Moree (pop 9 500) is a real thriving regional centre with suburbs of neat brick veneer houses and manicured gardens.  For tourists the town is best known for its hot artesian spa baths and while my back could certainly have done with some hydrotherapy we decided to press on along the Fossickers Way to the town of Inverell  (pop 11 000) - the Sapphire  City - being a major world supplier of blue sapphires - Maria's favourite gem stone.

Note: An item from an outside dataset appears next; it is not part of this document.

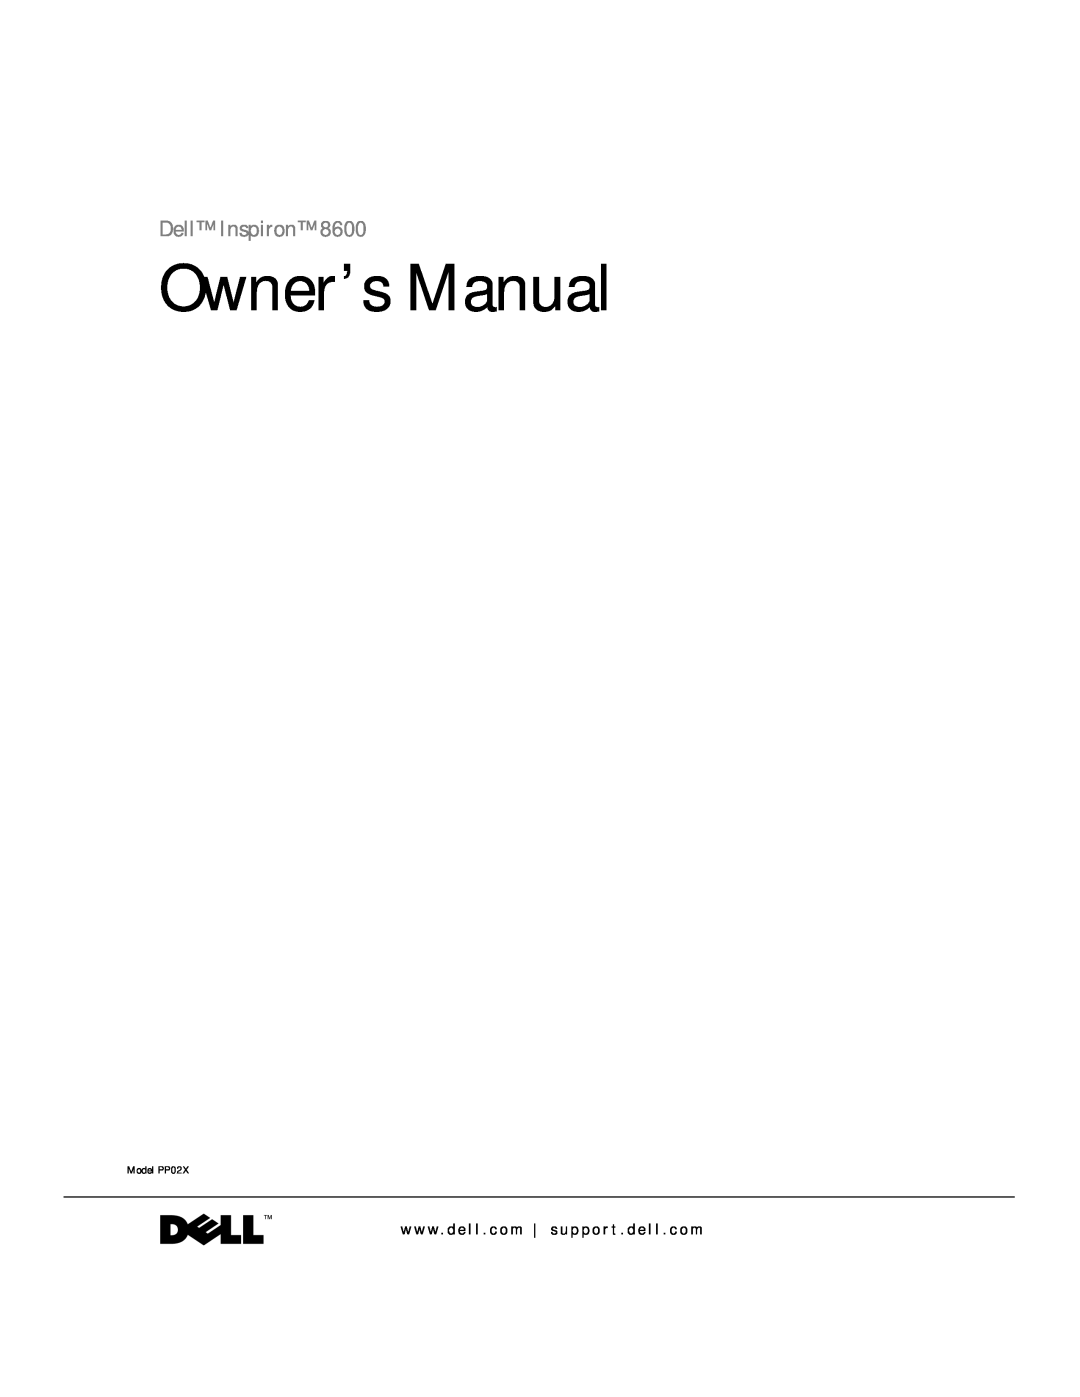 Dell 8600 manual Owner’s Manual, Dell Inspiron, Model PP02X

We left the Kamilaroi Highway  in favour of the Gwydir  Highway which took us right across to Grafton  following first the Mehi and Gwydir Rivers and finally crossing the McIntyre River at Inverell.  Here marks the end of this journey - the western tributaries of the Murray-Darling River system end with the McIntyre River and the start of the Great Dividing Range over which all the rivers run east . 

After much huffing and puffing we crossed the Great Dividing Range after Glen Innes  and travelled through  some marvellous temperate climate rain forrest  vegetation going over the top of the Divide and sliding down the eastern slopes to Grafton.  I vaguely remember  being conscious of the fact  that we had just re-crossed the continent from West to East  having previously done it from North to South.   We have certainly seen some country  and are not too jaded  to visit some more.  Its all different and to see a crop of lucerne, barley, oats, wheat or  canola in a different stage of growth is instructional about  the state of the land  where it is being grown.  I also note what cattle breeds are being used on the land and am amazed about why there should be such a  prevalence of european breeds  across the western plains.

We eventually arrived at Harry Stapleton's house at Copmanhurst just after midday on Caulfield Cup day .  After unpacking the rig we retired to the local pub to have a punt on the race.   A mobile phone call to Richard O'Sullivan earlier  in the day had given us a tip of  the winner the eventual winner which I only managed to incorporate into two unsuccessful trifectas.  We'll rest up at Harold's prior to going on our fishing holiday in a couple of days time.